- [Recorded data]
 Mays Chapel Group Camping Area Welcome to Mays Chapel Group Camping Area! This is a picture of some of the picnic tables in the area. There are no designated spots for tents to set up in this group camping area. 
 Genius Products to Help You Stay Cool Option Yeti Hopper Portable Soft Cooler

* * *

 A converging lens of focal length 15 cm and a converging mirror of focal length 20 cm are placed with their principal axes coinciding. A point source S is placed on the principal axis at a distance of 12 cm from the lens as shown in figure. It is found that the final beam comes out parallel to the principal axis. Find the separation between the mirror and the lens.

==

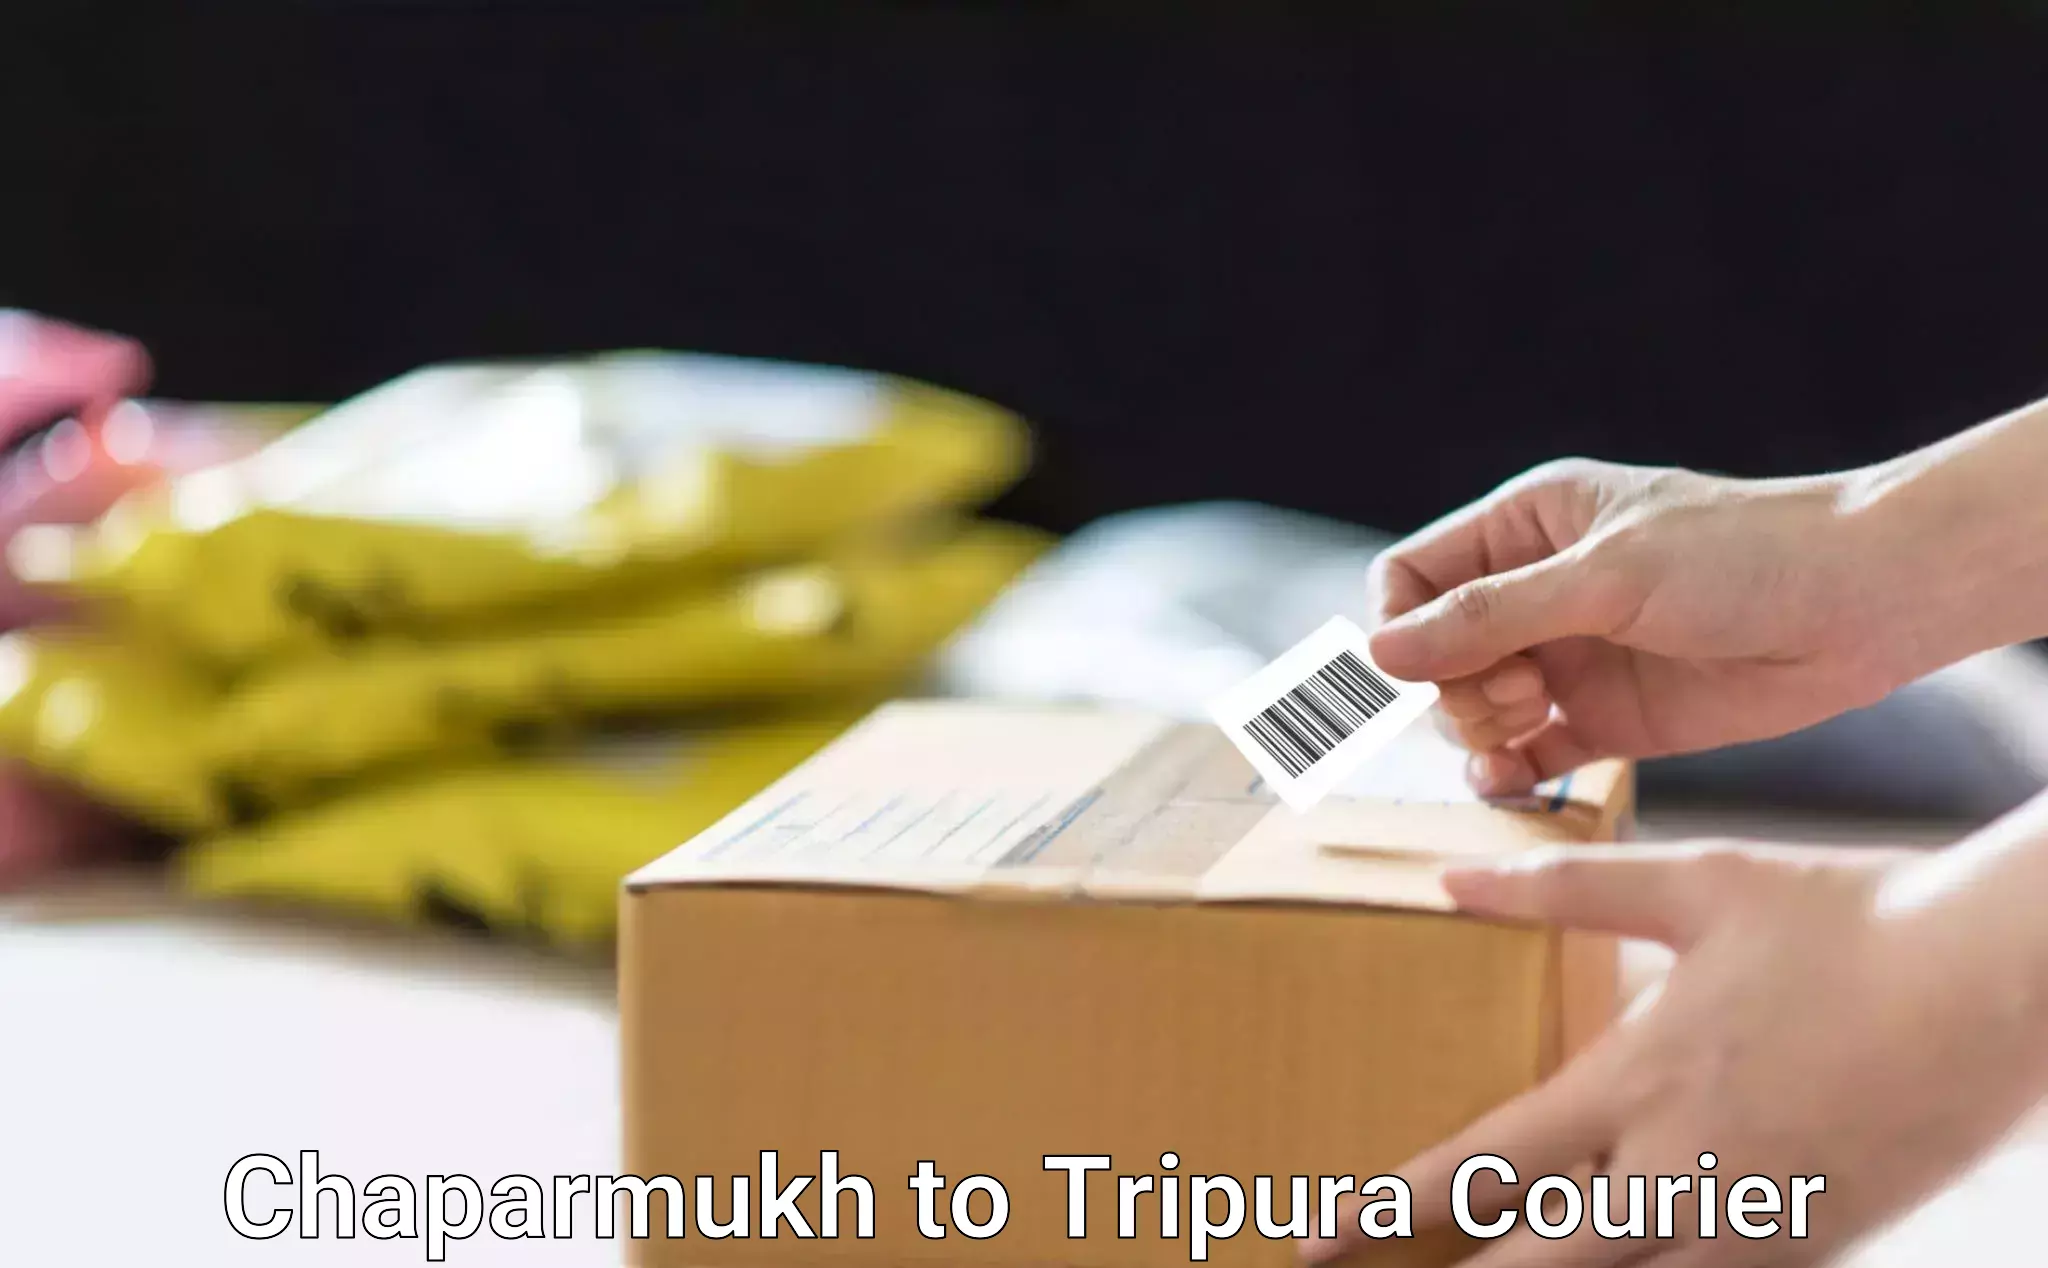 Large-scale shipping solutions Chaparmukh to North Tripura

- [Directions] Above are some records; copy exactly the lines from the one with "Mays Chapel Group Camping Area Welcome" through the one with "Genius Products to", both included, and no others.

- [Answer area]
 Mays Chapel Group Camping Area Welcome to Mays Chapel Group Camping Area! This is a picture of some of the picnic tables in the area. There are no designated spots for tents to set up in this group camping area. 
 Genius Products to Help You Stay Cool Option Yeti Hopper Portable Soft Cooler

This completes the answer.